Fresh from a weekend at his Bedminister golf course, president Trump took to Twitter at 11:24 on Sunday night to fire off this all-caps threat to Iranian president Hassan Rouhani.
“NEVER, EVER THREATEN THE UNITED STATES AGAIN OR YOU WILL SUFFER CONSEQUENCES THE LIKES OF WHICH FEW THROUGHOUT HISTORY HAVE EVER SUFFERED,” was the just before midnight lunacy from the tweeter-in-chief.
Trump needs a Twitter intervention.
The US survived the “fire and fury” Twitter threat that Trump hurled at North Korean madman Kim Jong Un. The former Little Rocket Man though may have snookered the president. CNN reports that Kim now demands a formal peace treaty with the US before even thinking about getting rid of a nuke. Trump reportedly stews at his new buddy's audacity.
Iran though presents a far greater threat to the US than impoverished North Korea ever did. A US military move on Iran would set the entire Middle East ablaze. That conflagration would make George W. Bush’s attack on Iraq look like a walk in the park.

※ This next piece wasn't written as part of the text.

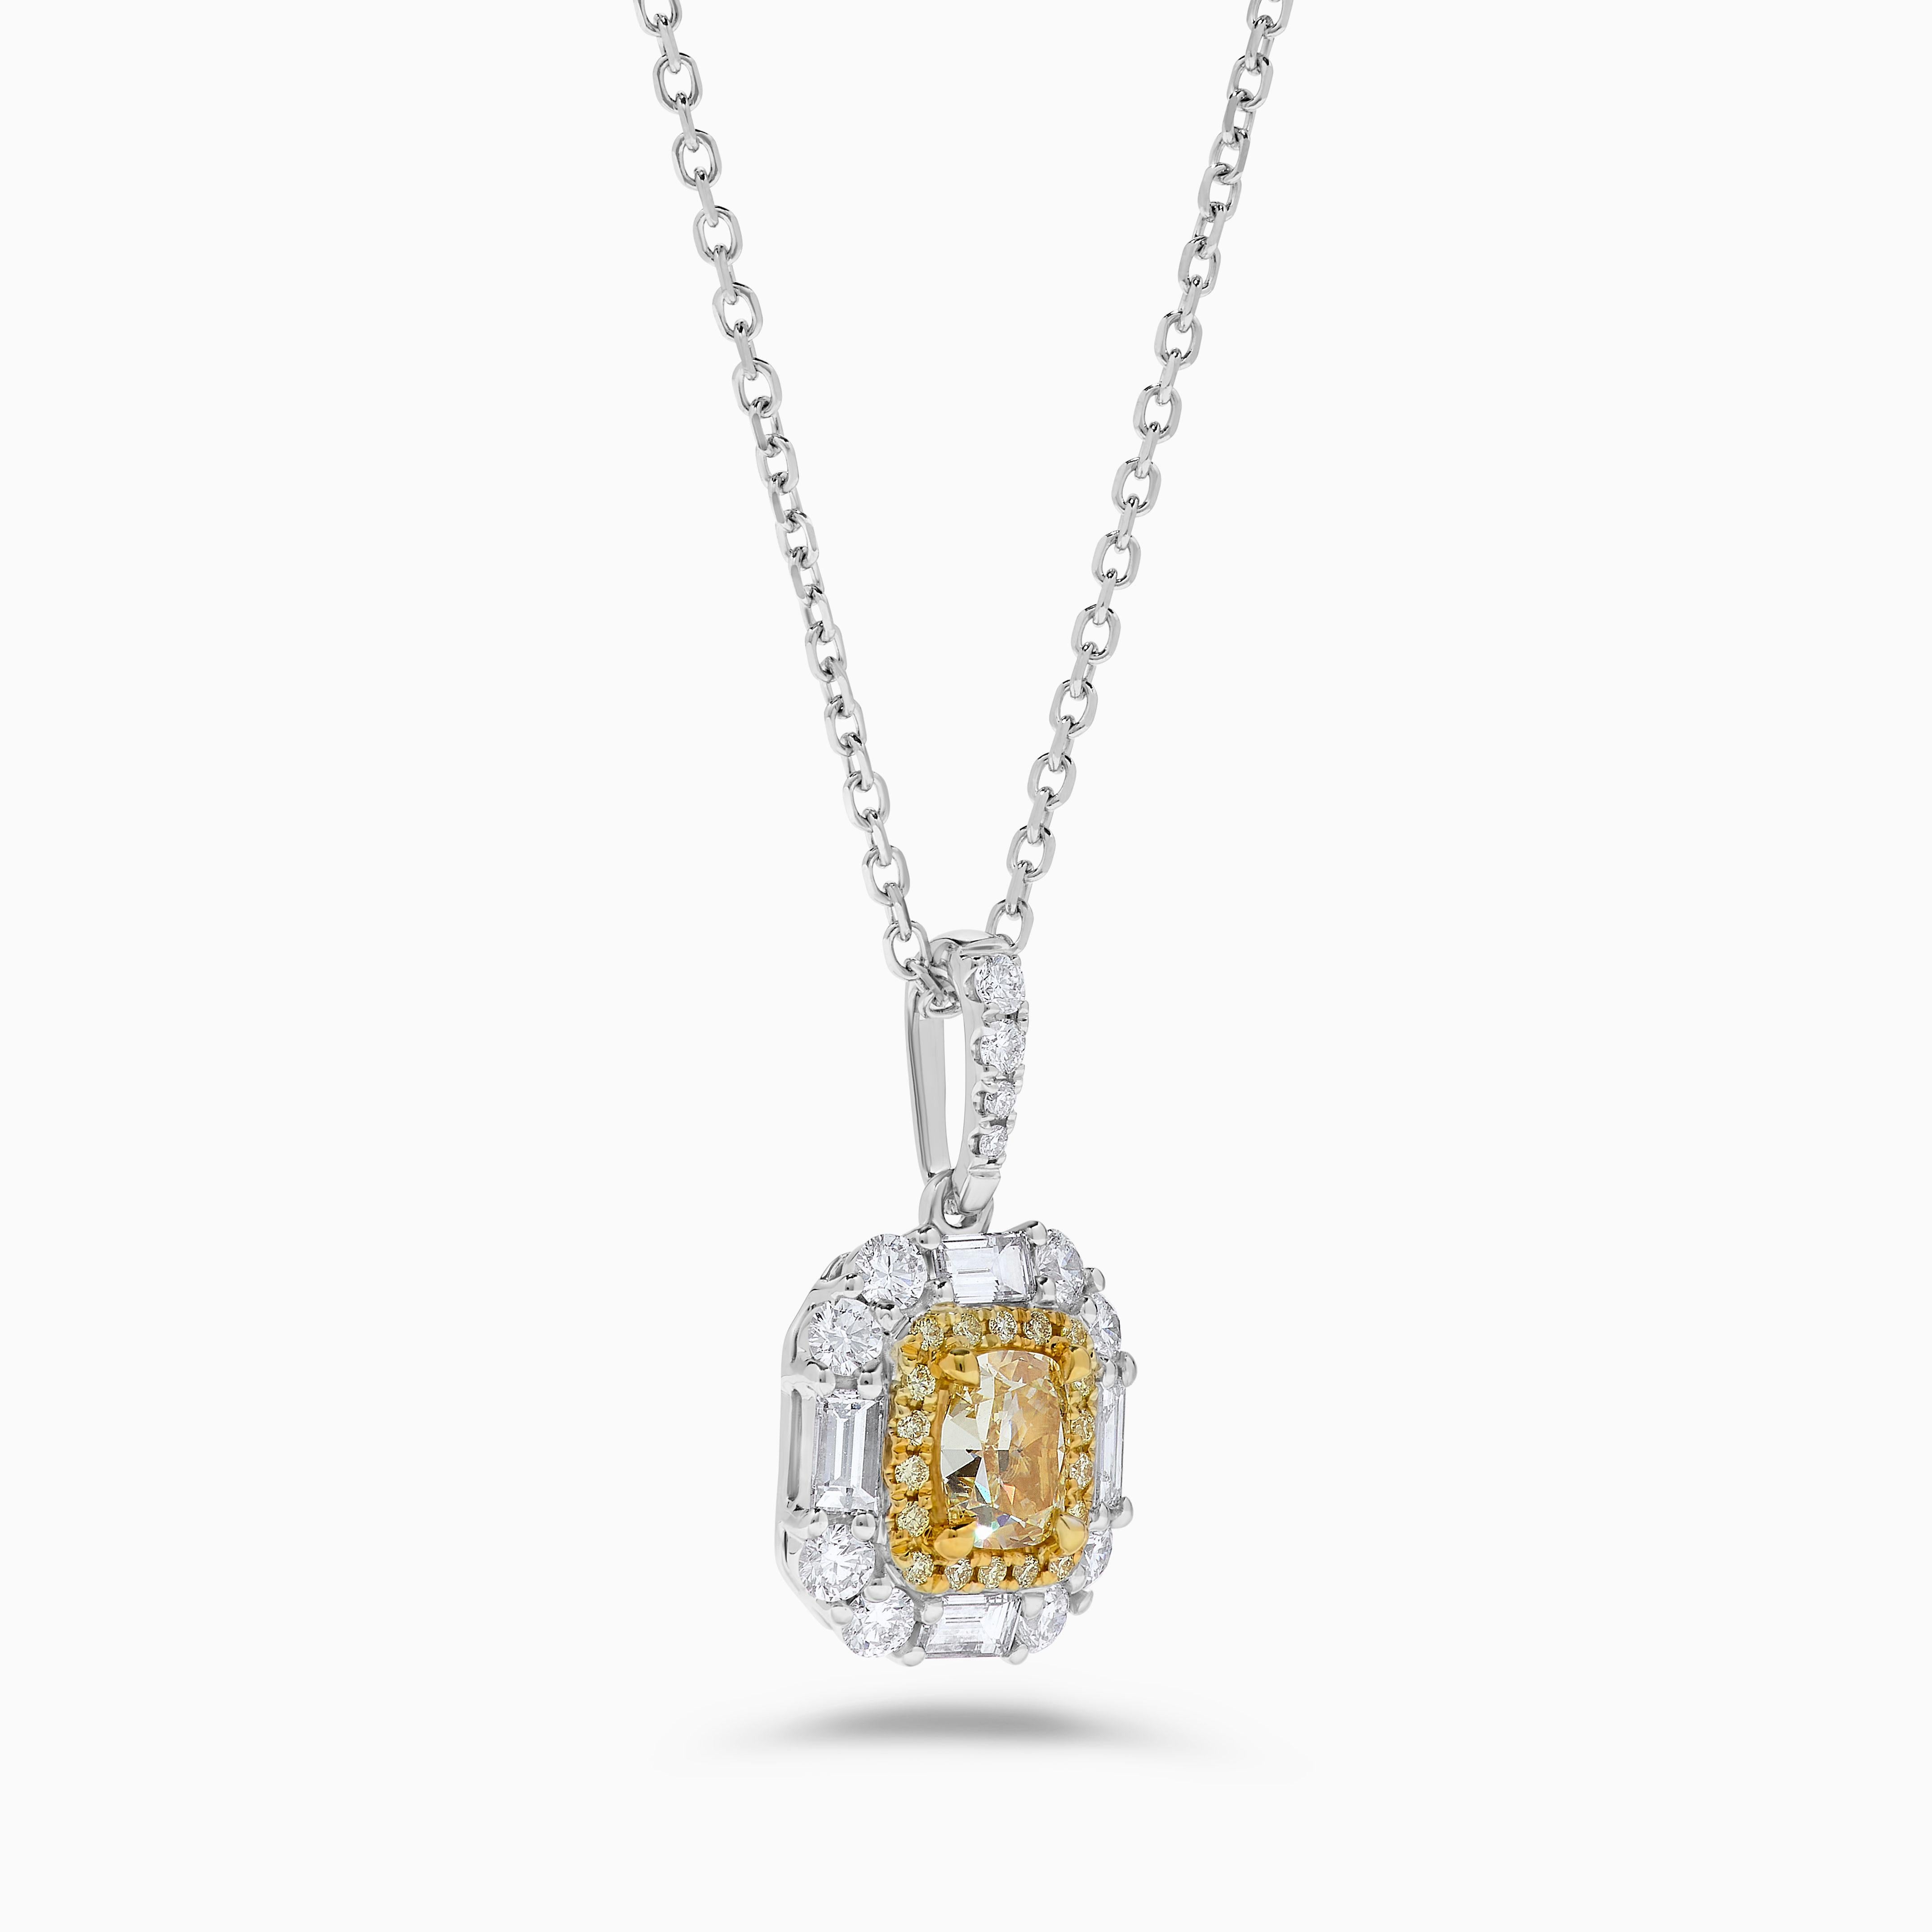 Der faszinierende GIA-zertifizierte Diamantanhänger von RareGemWorld. Montiert in einer schönen Fassung aus 18 Karat Gelb- und Weißgold mit einem natürlichen gelben Diamanten im Kissenschliff. Der gelbe Diamant ist umgeben von weißen Diamanten im

Trump may view his macho threats against Iran as nothing more than tossing some juicy red meat for his political base, but perhaps Rouhani and the mullahs in charge aren’t in on the joke.

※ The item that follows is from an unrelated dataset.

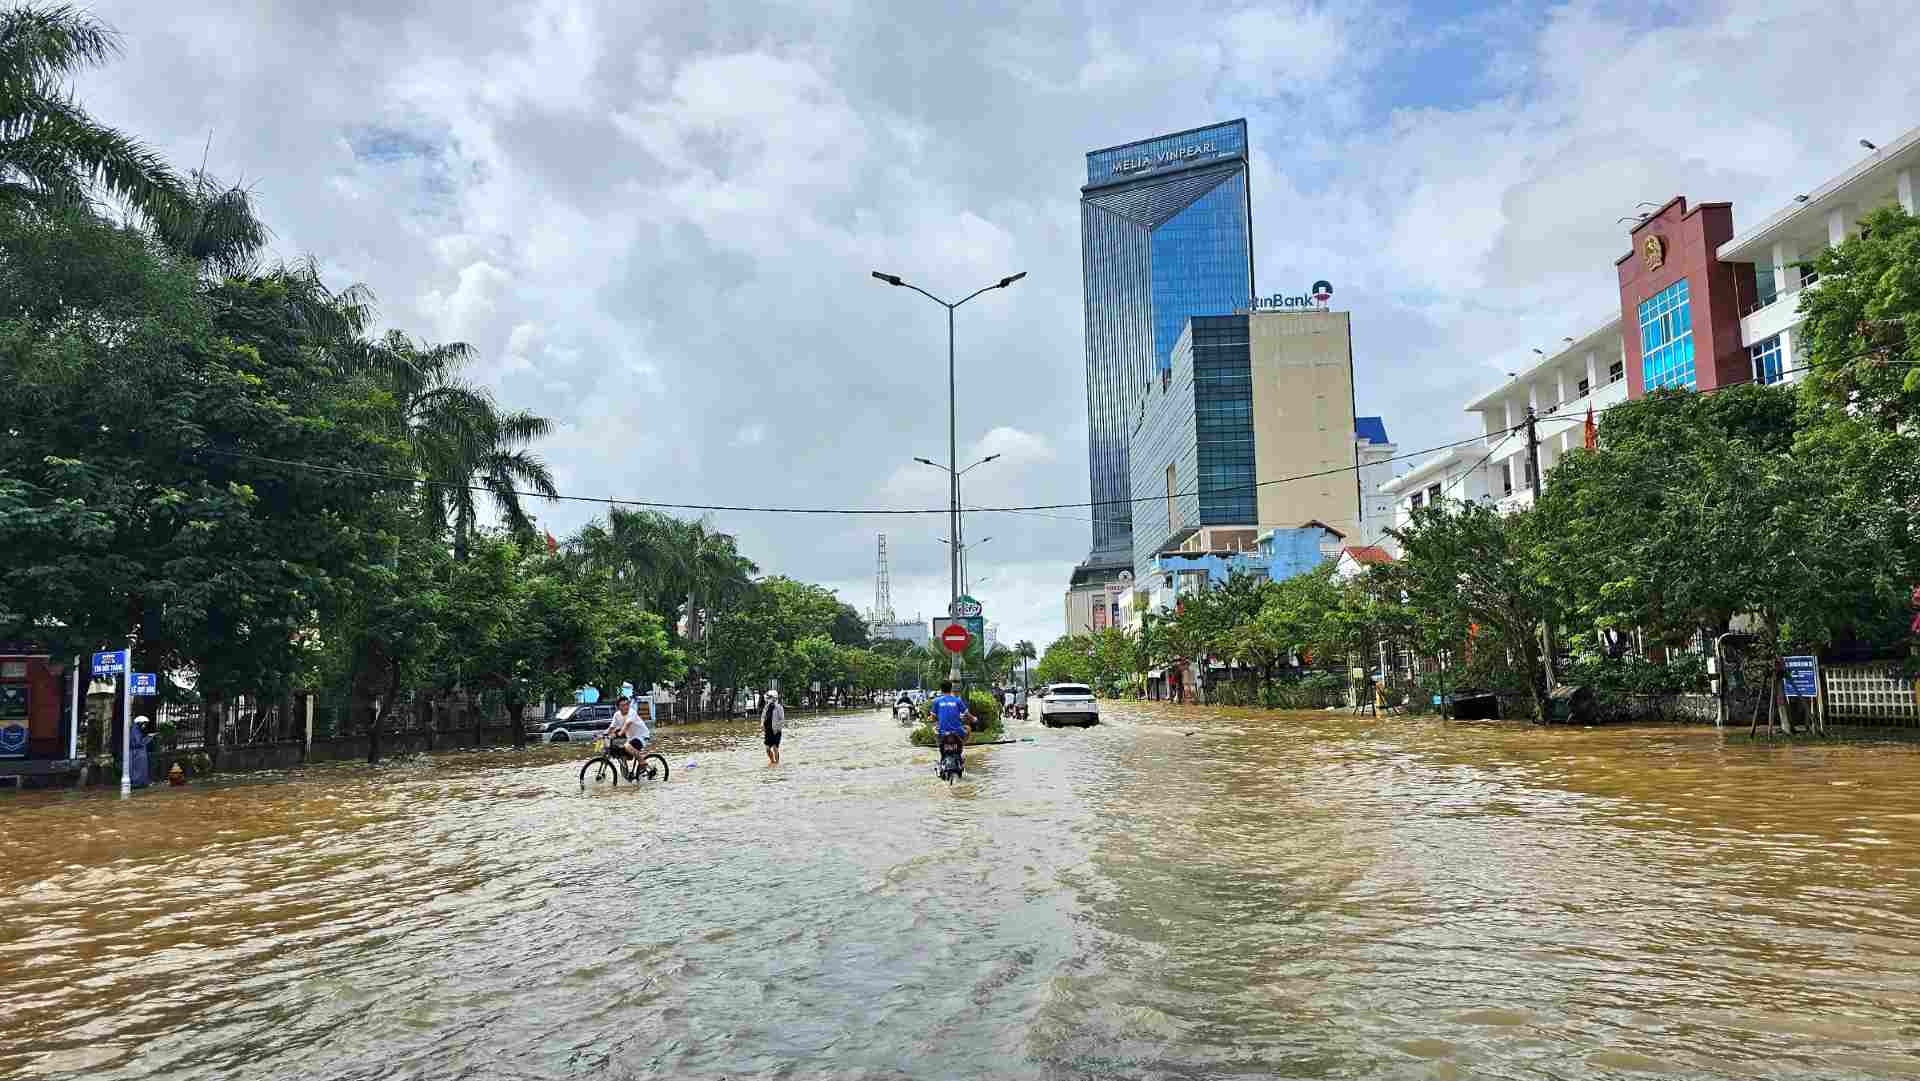 Mưa lớn kèm theo các hồ chứa xả lũ đã làm cho nhiều địa phương ở tỉnh Thừa Thiên Huế bị ngập sâu trong nước lũ trong những ngày 14, và 15. 11.

There’s one man who could restore a measure of sanity to the White House.
It’s time for Prestige Brands CEO Ron Lombardi to come to the aid of his country. He’s in the position to keep Trump’s fingers from firing off late night threats against Iran, Bob Mueller, FBI, CIA, Jeff Bezos, CNN, New York Times, Crooked Hillary, and the usual cast of characters.
Tarrytown, NY-based Prestige Brands is the marketer of sleep aid Sominex. Lombardi needs to send a couple of cartons of Sominex to the White House ASAP.
Avid TV watcher Trump surely remembers the Sominex TV commercial of the 1950s and 1960s that pitched the sleep aid for nervousness, overwork or fatigue. [Trump may not be nervous about the future of the US under his watch, but I sure am].
First Lady Melania Trump could do her part by making sure The Donald takes his pill and then sing the catchy Sominex jingle—Take Sominex Tonight and Sleep—Safe and Restful—Sleep, Sleep, Sleep” to hubby. Prestige Brands promises that after taking Sominex, a person will wake up “rested and relaxed” and, in the president’s case, ready to turn on Fox News and start the madness all over again.
If Trump balks at Sominex, Lombardi could ship other Prestige Brands sleep aids, Nytol and Compoz, to 1600 Pennsylvania Ave.
Duty calls, Mr. Lombardi. Your country and the rest of the world needs you.